The Student Compass—SPONSORED

By Clementina Verge

Faced with a confusing and disruptive future, Gen Z students need support and care more than any previous generation, and taking a gap year has proven foundational and integral for optimal college preparation.

The advice comes from Jake Horne, founder of The Student Compass, a Washington-based program that provides mentoring for academic and personal development during the critical period between high school graduation and university enrollment. 

“The Gap Year is a unique experiential preparation for life,” explains Horne. “Stuck between being a dependent child and becoming an independent person, Gen Zers are unprepared to take on the role of adulthood and have not had the opportunity to develop the cognitive maturity and life skills so critical for 21st century challenges.”

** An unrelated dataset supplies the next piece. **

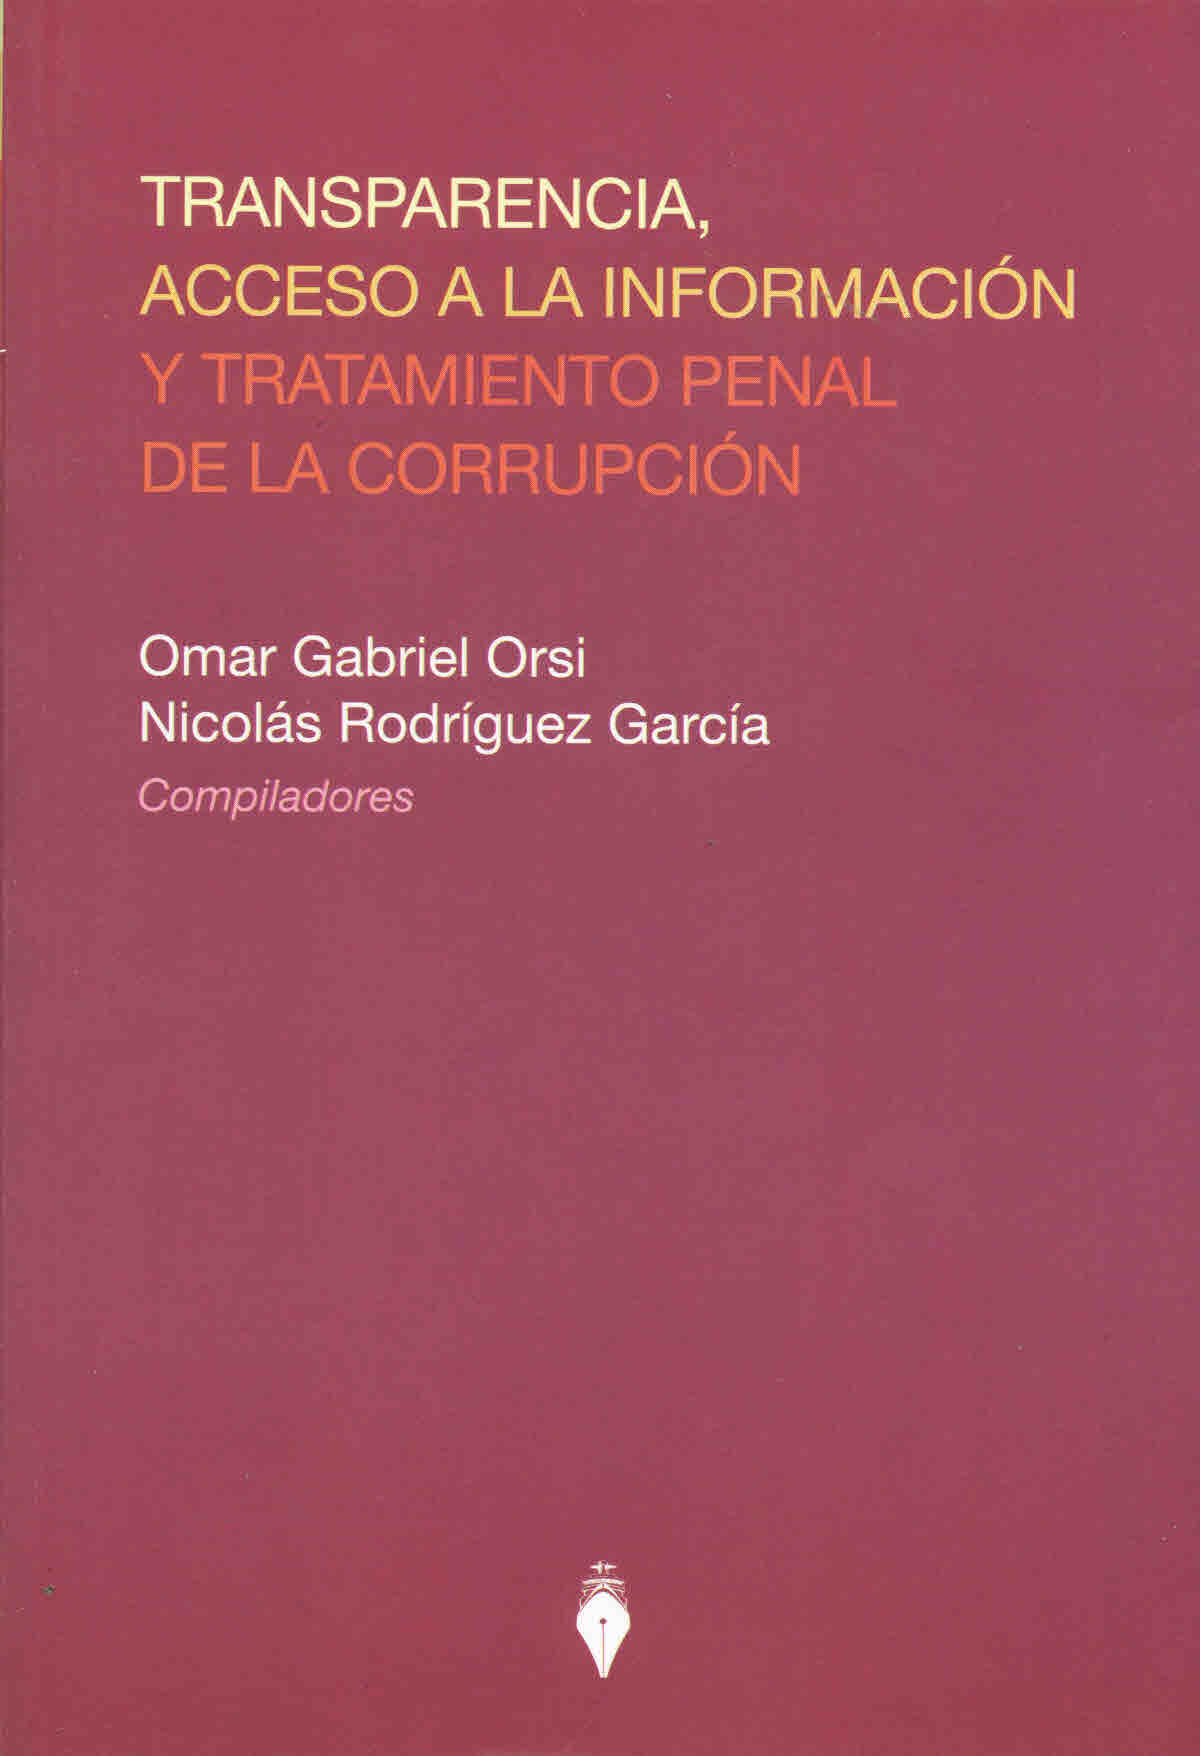 Transparencia, acceso a la información y tratamiento penal de la corrupción
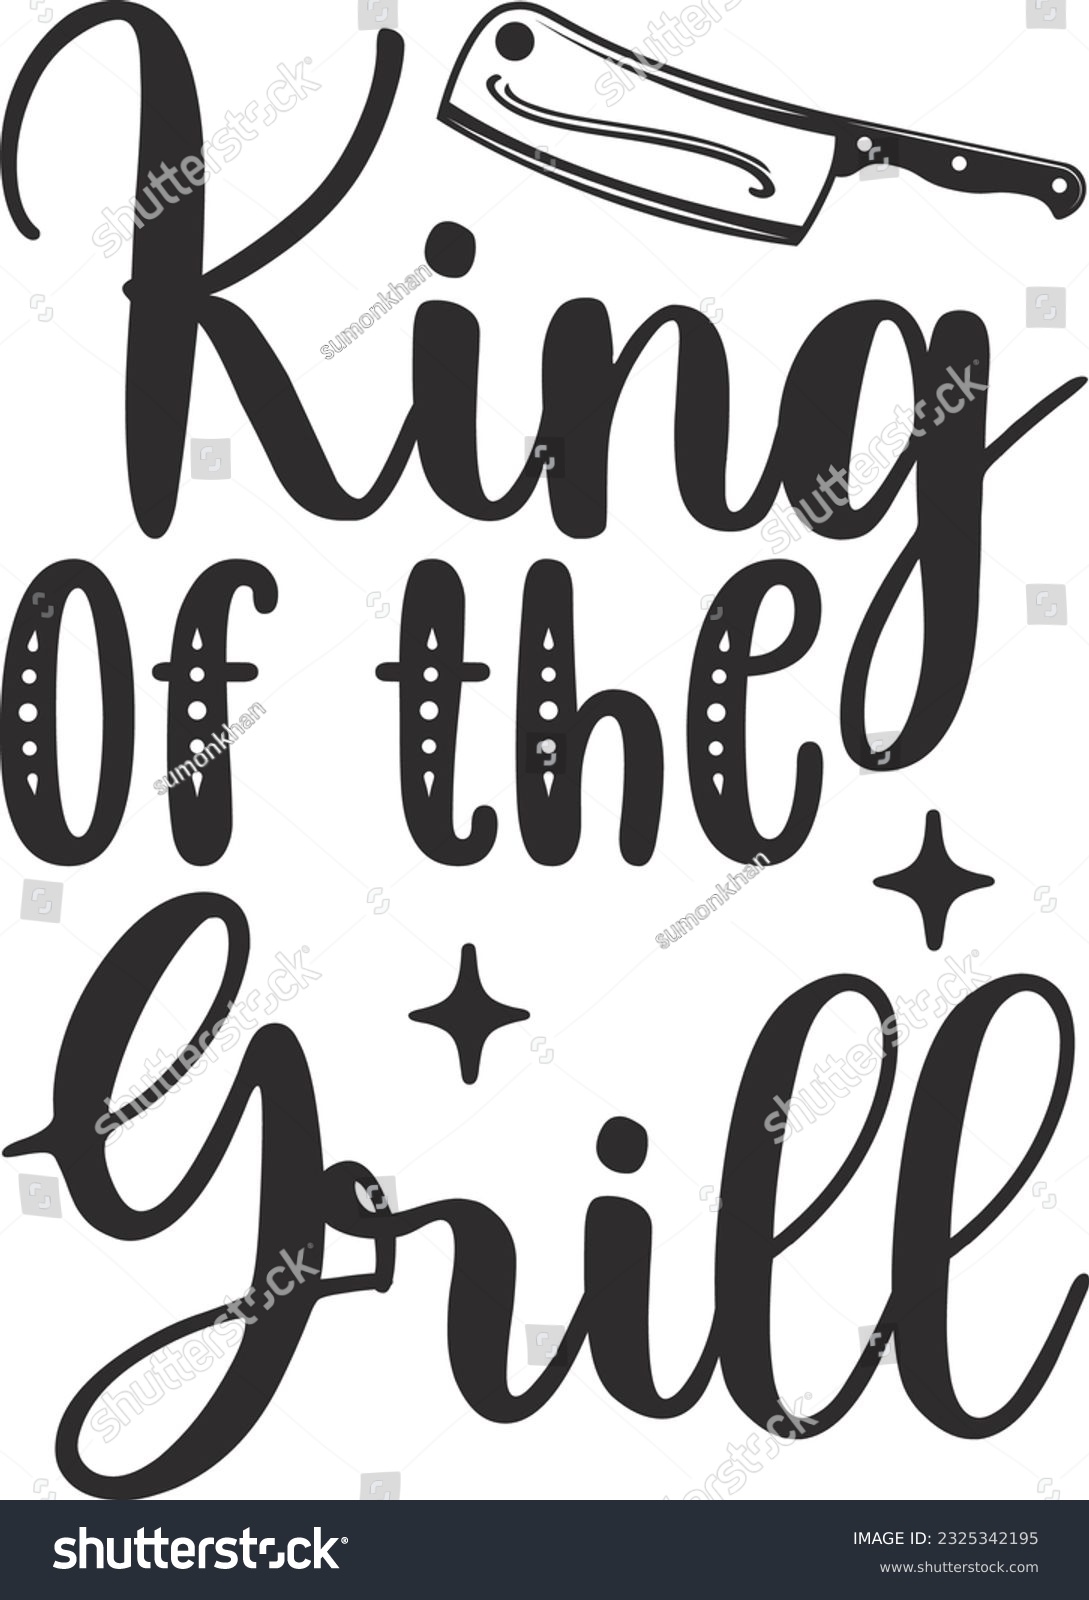 SVG of King of the Grill; Best SVG Design svg

Horne faults today’s “archaic school curricula” for being “too fact-focused” and encourages students to take a year away from school “to grow and immerse themselves in experiences, and build skills needed to adapt to profound transformations in the future; exponential technology uptake, climate change, and a full range of global threats.” 

Horne likens the Gap Year to “a delta of complex learning channels that split off of the traditional K-12 siloed main channel as it heads into the ocean of college and life.”

“These new life threads challenge students to learn to navigate unexpected turns and broaden their view, seeing unsheltered difficulties of the real world for the first time,” he reflects. “Seeing the world in new ways, reckoning with challenges as independent humans, and building confidence are critical for change. It is the beginning of the essential transformation from a child to adult, from a dependent to a self-directed human.”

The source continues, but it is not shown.